Тор пьет, обхватив рог руками, каменными от напряжения, багровые жилы вспухают на лбу его, бисеринки пота бегут по вискам. Локи закрывает глаза. Ему отчего-то видится странное — фьорд, широкий, изрезанный зубьями скал, полный холодно-синей воды, лиловеющий в сумерках фьорд, и Тор, вставший на четвереньки у набегающих волн, пьющий воду вместе с прибрежною пеной и мельчайшими рыбами в ней.
— Проклятие… Не могу больше, — говорит Тор, с шумом переводя дыхание, и Локи открывает глаза, и видение исчезает.
— Гра-ха-ха-ха-ха! Вот это называется — пить? Скорее уж, попробовать пару жалких глоточков! — грохочет над головой голос Утгарда-Локи. — И это все, что ты можешь, Тор? Гра-ха-ха-ха!
Грозово-черная, тень его наклоняется к Тору, съеживается, сереет, забирая в себя половичную пыль, обзаводится парой пронзительно-желтых глаз.
— Мряу… мр-р… — к Тору ластится кошка, изгибает вспушившийся хвост. — Мур-р… мур-мяу… — в ярко-желтых кошачьих глазах мечется беспокойное пламя, тонко-острыми иглами когти ее царапают пол. — Мр-р…
— Погладь кошечку-то, — хмыкает Утгарда-Локи, — да на руки возьми. Или ты такой силач, что и кошки-то не подымешь? Гра-ха-ха!
Кошка шипит, по-змеиному выгнув спину, дыбом вздернутая шерсть на загривке ее подобна драконьей чешуе.
— Мряу… мр-р… мур-р-мыр-р…
Локи ведет из стороны в сторону, будто бы на дощатом драккаре, норовистом морском скакуне. Белопенные, тугие, волны хлещут через борта, скатываются у ног в мелкие лужицы. Тор стоит за штурвалом, всеми силами налегая на руль, а над головою его, в ослепительно-грозовых вспышках, в жемчужных хлопьях пены — маячит чудовищная змеиная пасть, грозя поглотить собою корабль и Тора.
— Хватай его! Крепче держи! — кричит неожиданно Локи, и Тор послушно хватает за скользкую змеиную шею, тянет к себе, сколько достанет сил, кряхтит, упираясь ногами в трещащую палубу. — Если не выдержишь — нам конец!

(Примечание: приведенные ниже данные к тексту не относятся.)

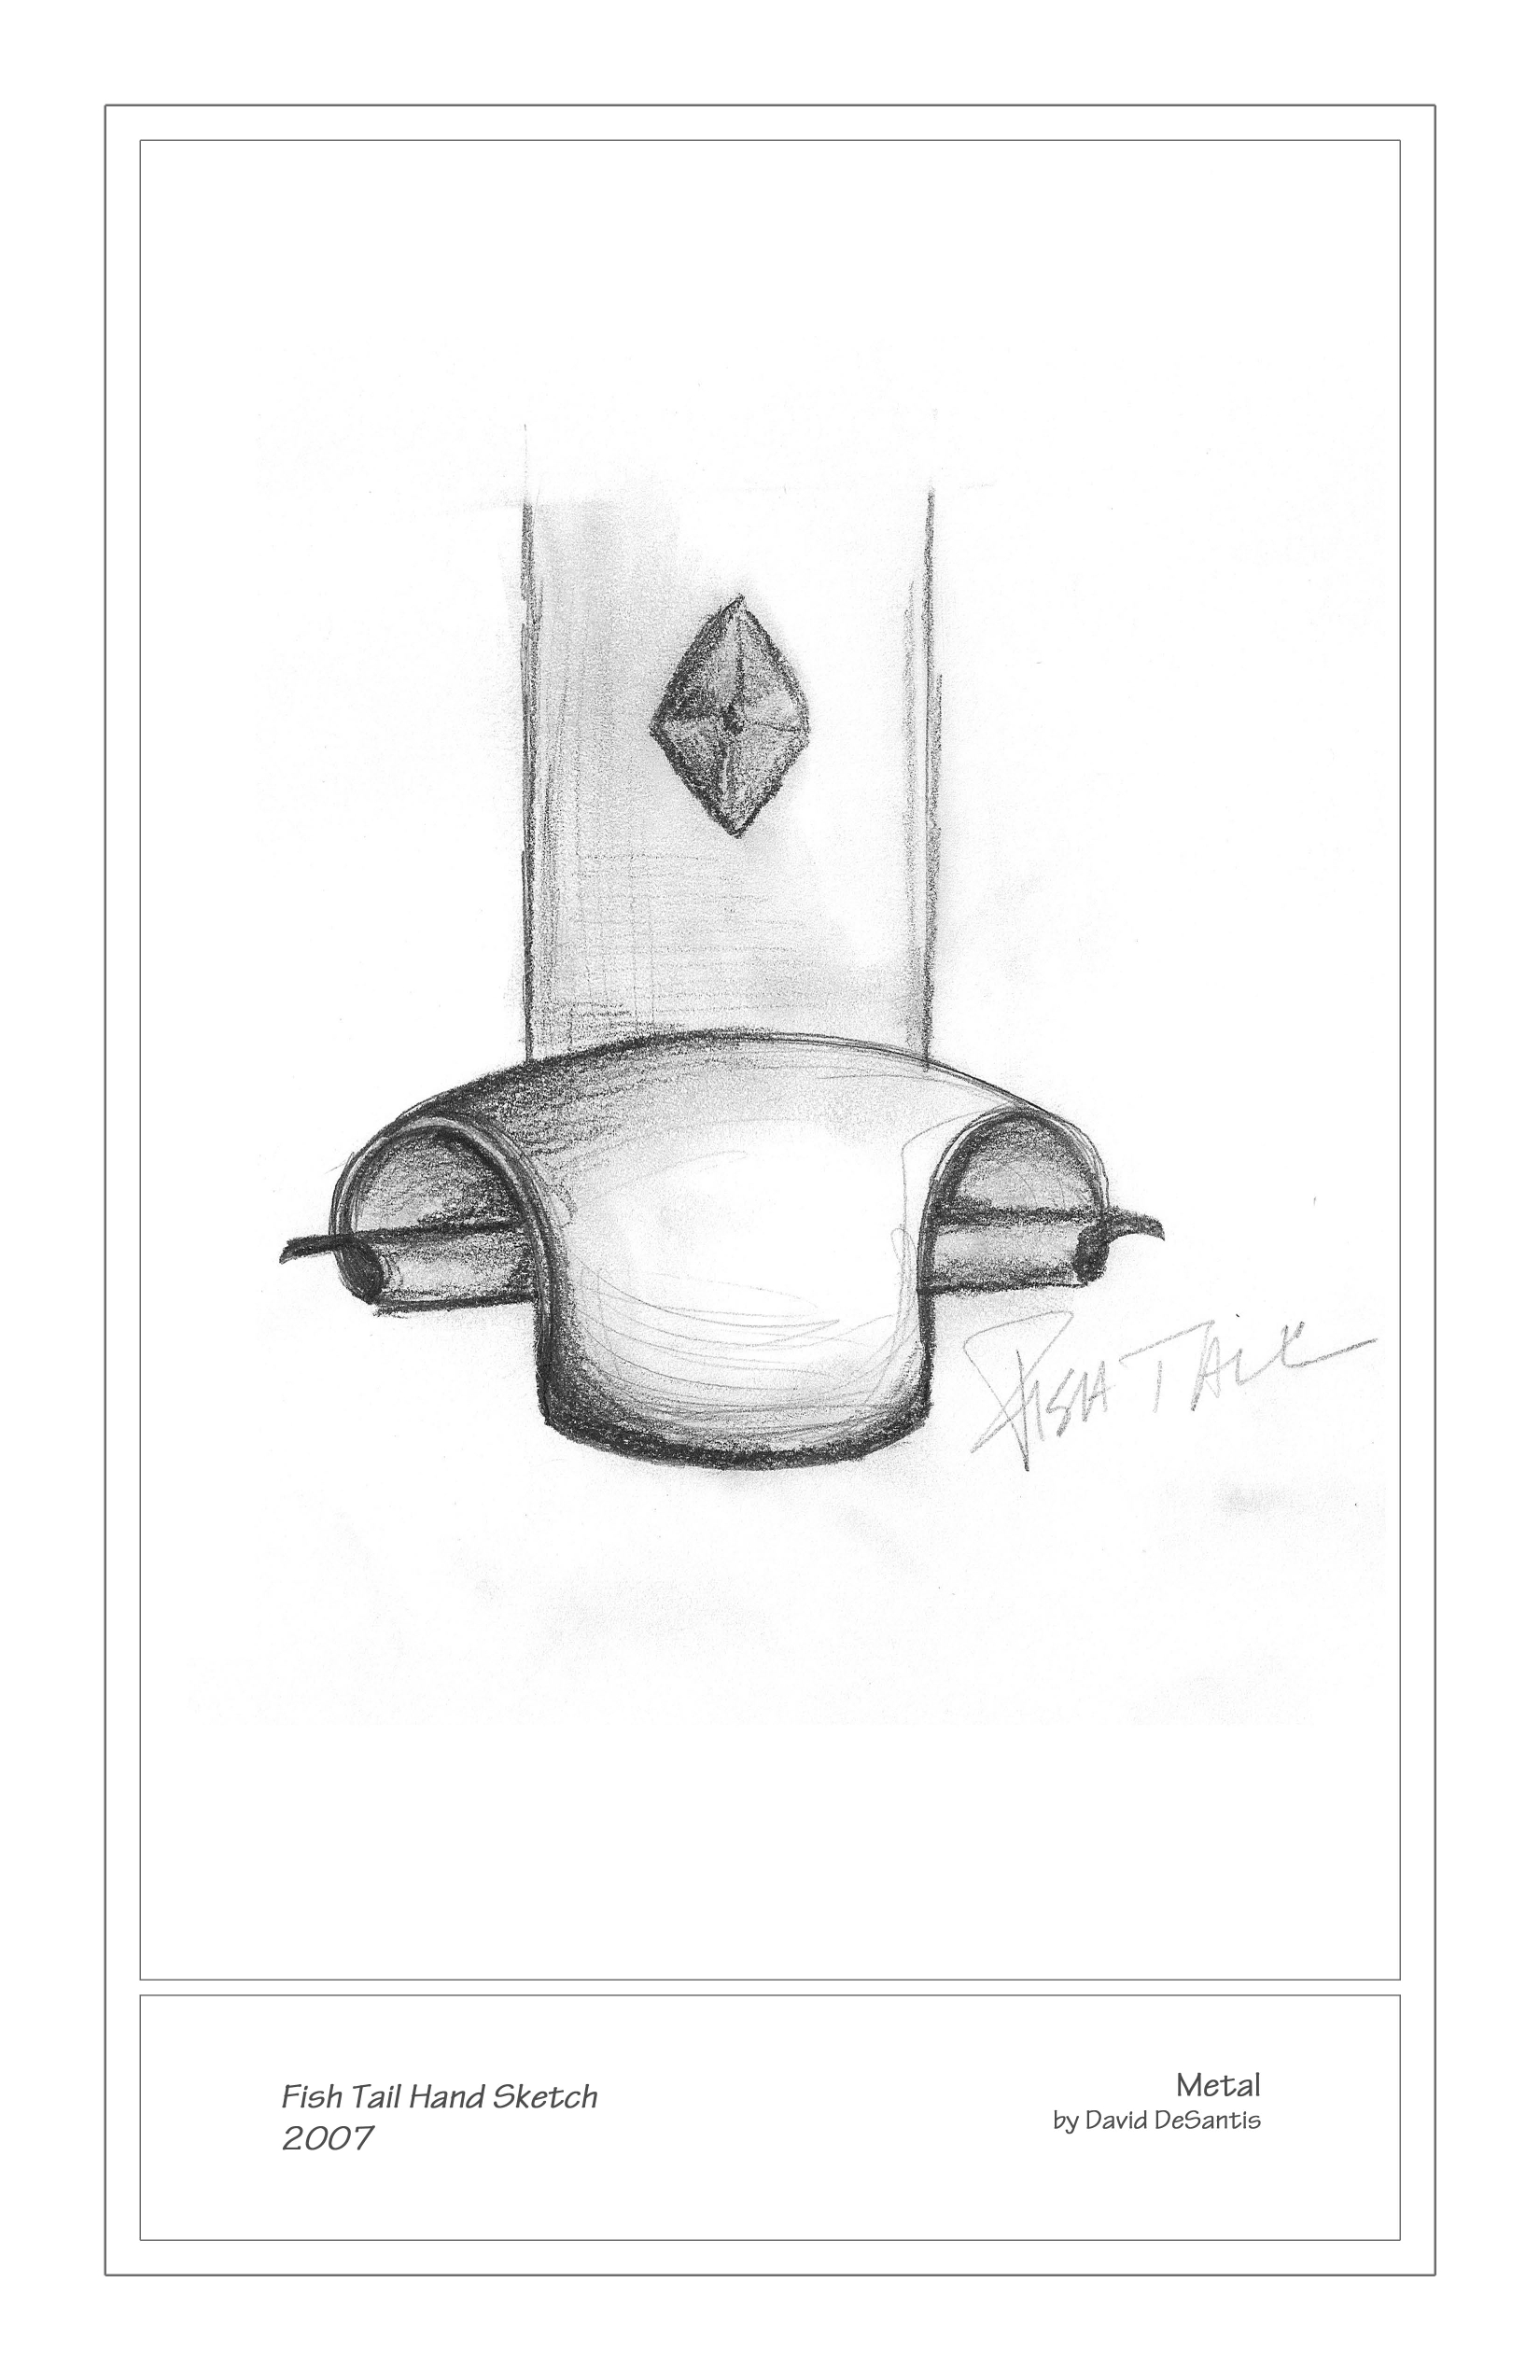 Fish Tail Sketch.jpg

Волна настигает Локи, солено-горькая, плещет в лицо, заставляя зажмуриться, и хрипло мяучит под ухом змей, и — гра-ха-ха! — лупят в палубу громовые раскаты. А потом — море уходит, качнув напоследок половицею под ногами, и Локи открывает глаза — оторопелому взгляду Тора.
— Гра-ха-ха-ха-ха! Видно, сил у тебя совсем немного осталось, о, асгардский громовержец, — рокочет смехом Утгарда-Локи, — раз кошку мою не смог с пола поднять, только заднюю лапу с трудами великими от доски оторвал. Гра-ха-хах! Ладно, последнее тебе испытание. Попробуй-ка побороть мою старую нянюшку, Элли. Если сможешь — признаю, что годен ты хоть на что-то, а если же нет… — он тянет руку за пазуху, широкую, как лесная поляна, изрытую складками пятипалую длань, пошебуршив, вынимает наружу. — Вот тебе поединщик твой, меряйтесь силами, что ли…
И раскрывает ладонь.
Седыми, косматыми патлами заросшая до бровей, она стоит перед ними, хихикает в сухонький кулачок — сгорбленная, как корявое дерево, крючконосая Элли, глазами-бусинками зыркает по сторонам. А потом — с визгом кидается к Тору.
Ее изъязвленные старостью руки, точно удавкой, давят Торово горло, когтистые пальцы ее рвут кожу до кроваво-красных полос. Густо-багровое, лицо Тора обращено к половицам, ноги трясутся — мелкой, предательской дрожью. Примерившись, Элли с маху бьет его под колено, и Тор опускается наземь, руками схватившись за грудь. Какие-то доли мгновения Локи видит его — немощным, сгорбленным стариком со сморщенной шеей, с седыми, как прах, волосами по тощим плечам, а после — видение исчезает.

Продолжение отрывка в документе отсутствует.